▸ WHAT THE TASK REQUIRES
Find all lines with the word "Blue" in the material, then copy them.

▸ RECORDS SUPPLIED
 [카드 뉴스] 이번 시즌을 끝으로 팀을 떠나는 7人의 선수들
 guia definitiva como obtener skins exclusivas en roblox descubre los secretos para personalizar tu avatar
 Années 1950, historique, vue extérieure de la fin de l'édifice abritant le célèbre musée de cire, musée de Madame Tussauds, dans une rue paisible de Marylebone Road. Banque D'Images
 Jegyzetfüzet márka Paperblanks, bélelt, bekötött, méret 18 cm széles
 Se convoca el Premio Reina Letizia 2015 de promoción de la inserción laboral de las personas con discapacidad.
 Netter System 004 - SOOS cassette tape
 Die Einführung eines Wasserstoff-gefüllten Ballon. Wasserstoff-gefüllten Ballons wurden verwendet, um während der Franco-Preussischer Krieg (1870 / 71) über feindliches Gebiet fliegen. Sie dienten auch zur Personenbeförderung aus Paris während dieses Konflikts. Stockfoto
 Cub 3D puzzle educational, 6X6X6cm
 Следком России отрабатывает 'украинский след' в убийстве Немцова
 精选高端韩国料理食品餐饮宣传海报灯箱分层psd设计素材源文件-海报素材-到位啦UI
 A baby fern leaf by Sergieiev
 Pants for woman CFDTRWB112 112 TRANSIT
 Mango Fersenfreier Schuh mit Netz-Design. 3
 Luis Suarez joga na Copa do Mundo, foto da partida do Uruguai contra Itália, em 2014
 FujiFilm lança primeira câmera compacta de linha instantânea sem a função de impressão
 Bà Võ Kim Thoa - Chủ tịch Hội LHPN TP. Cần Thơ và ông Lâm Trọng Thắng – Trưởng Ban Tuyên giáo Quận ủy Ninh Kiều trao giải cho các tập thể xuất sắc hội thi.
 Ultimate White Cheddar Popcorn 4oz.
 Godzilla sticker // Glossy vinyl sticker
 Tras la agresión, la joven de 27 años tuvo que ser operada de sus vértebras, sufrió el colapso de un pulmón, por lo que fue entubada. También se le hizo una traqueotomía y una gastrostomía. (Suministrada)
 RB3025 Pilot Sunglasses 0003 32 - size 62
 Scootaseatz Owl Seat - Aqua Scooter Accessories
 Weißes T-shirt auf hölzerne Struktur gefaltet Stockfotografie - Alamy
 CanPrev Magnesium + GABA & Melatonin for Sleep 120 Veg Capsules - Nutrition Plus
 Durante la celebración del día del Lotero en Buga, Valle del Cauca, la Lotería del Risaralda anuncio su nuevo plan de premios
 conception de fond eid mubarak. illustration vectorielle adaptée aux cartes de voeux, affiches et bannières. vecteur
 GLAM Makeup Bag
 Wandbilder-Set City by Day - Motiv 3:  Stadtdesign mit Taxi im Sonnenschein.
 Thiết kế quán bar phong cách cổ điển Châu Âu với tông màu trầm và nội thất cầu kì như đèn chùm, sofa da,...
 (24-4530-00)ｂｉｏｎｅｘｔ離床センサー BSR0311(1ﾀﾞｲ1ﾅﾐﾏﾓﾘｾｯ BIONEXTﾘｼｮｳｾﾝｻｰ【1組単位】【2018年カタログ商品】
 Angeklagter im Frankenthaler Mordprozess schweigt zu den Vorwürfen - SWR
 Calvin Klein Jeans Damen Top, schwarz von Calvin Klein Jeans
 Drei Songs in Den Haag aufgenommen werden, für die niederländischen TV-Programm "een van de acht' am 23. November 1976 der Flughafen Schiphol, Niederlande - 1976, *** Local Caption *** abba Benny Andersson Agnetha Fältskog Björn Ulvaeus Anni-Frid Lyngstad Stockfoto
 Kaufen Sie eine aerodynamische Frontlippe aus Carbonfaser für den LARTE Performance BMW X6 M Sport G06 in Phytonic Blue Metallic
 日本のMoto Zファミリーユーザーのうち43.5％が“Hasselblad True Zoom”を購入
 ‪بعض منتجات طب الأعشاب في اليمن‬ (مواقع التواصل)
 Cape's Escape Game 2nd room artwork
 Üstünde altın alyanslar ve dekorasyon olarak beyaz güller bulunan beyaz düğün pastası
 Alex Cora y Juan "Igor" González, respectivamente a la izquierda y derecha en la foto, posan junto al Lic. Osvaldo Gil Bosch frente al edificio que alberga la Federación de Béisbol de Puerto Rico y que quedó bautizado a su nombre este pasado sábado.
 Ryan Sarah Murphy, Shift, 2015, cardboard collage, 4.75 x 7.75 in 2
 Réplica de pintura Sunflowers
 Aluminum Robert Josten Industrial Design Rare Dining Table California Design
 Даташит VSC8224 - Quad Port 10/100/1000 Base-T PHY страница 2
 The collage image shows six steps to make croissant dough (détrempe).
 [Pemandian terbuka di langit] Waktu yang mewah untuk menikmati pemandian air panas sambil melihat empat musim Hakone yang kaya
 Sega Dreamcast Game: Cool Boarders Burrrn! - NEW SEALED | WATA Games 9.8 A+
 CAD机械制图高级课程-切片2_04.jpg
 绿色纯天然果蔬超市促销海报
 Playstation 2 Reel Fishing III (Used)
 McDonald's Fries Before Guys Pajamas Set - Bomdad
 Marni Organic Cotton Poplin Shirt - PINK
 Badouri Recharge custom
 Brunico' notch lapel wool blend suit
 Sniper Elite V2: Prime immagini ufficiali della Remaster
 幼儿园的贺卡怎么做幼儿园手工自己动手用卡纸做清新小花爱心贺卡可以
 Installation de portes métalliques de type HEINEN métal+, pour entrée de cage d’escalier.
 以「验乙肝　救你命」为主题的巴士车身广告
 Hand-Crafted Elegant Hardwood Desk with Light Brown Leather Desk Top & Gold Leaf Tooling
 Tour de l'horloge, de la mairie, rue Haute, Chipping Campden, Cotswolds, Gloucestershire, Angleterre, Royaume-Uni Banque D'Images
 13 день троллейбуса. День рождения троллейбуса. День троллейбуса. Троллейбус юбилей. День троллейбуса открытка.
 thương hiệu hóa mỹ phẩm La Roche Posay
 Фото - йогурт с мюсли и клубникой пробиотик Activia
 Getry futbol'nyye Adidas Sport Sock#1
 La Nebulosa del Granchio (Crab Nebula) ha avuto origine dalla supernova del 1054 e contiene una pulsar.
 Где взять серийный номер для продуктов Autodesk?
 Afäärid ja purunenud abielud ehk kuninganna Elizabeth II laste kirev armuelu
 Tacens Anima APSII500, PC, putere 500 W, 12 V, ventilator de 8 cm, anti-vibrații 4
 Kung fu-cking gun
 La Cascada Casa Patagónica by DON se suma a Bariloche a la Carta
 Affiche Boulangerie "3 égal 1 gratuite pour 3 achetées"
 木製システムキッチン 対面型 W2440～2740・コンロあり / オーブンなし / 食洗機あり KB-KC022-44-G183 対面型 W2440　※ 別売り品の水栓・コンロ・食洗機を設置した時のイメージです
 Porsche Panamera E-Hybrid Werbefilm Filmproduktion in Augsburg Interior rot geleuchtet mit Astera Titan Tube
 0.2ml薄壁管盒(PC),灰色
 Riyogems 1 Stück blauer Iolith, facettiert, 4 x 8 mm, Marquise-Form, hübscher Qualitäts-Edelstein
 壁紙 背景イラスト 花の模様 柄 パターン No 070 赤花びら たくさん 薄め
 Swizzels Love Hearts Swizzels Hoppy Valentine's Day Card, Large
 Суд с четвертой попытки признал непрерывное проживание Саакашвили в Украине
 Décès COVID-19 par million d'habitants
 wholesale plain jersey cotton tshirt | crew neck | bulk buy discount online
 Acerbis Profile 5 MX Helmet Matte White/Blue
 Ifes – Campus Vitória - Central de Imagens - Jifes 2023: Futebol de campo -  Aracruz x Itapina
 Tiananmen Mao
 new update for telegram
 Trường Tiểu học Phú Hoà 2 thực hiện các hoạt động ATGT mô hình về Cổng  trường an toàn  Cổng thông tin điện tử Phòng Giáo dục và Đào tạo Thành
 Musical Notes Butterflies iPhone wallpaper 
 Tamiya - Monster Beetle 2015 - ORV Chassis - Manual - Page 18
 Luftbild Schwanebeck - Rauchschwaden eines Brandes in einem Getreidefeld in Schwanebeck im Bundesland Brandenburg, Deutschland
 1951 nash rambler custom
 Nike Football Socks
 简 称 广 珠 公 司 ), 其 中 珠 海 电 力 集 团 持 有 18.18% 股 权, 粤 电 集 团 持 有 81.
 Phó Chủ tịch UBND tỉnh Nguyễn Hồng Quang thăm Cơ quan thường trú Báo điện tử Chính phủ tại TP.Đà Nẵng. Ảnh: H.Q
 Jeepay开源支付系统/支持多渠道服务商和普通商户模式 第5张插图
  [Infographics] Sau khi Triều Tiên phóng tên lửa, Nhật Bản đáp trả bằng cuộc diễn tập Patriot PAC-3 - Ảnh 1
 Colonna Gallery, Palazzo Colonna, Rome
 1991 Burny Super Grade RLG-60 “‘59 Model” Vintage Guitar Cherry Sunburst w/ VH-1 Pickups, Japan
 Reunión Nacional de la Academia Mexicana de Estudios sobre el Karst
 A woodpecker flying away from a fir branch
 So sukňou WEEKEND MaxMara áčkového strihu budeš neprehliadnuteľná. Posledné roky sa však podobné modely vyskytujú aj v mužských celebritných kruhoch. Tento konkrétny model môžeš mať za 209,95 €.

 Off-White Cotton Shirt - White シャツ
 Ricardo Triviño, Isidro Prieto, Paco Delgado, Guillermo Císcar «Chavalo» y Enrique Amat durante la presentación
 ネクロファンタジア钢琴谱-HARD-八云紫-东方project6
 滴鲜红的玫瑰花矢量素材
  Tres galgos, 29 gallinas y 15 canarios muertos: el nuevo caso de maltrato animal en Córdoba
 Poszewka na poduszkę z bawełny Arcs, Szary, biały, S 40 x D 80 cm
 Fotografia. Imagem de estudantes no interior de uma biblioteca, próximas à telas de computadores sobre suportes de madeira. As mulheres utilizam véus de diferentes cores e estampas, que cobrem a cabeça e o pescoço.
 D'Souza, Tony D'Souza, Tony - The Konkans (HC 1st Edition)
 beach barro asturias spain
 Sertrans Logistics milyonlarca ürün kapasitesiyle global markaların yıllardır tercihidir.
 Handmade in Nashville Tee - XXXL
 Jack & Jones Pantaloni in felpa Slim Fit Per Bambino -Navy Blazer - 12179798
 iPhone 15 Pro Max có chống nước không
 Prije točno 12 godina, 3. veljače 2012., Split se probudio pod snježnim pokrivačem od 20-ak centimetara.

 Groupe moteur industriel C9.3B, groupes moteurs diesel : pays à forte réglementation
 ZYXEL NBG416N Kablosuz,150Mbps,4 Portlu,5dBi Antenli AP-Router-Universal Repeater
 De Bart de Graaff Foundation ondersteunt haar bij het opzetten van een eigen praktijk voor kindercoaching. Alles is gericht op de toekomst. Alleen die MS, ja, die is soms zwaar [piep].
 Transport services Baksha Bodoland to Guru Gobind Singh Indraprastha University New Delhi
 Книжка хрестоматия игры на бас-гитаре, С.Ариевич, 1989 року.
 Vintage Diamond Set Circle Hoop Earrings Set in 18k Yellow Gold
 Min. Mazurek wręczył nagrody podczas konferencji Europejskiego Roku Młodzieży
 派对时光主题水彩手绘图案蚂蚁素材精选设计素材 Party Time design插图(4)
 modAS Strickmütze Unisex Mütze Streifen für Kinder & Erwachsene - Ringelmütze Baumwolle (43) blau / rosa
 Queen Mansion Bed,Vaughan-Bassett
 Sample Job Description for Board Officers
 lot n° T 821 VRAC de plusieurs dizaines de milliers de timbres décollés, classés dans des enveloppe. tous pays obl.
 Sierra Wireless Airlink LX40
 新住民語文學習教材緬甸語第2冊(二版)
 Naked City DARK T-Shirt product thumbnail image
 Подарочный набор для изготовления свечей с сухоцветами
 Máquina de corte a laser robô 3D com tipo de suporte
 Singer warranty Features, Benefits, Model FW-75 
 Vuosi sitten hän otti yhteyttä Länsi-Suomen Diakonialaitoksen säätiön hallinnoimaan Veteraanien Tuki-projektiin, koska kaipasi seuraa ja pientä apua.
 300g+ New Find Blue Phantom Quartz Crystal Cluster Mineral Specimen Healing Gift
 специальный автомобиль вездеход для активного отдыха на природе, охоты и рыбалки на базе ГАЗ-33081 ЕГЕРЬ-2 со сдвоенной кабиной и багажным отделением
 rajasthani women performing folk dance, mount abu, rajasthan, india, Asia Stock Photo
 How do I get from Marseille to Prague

▸ RESULT FOR THIS EXERCISE
 Kaufen Sie eine aerodynamische Frontlippe aus Carbonfaser für den LARTE Performance BMW X6 M Sport G06 in Phytonic Blue Metallic
 Acerbis Profile 5 MX Helmet Matte White/Blue
 300g+ New Find Blue Phantom Quartz Crystal Cluster Mineral Specimen Healing Gift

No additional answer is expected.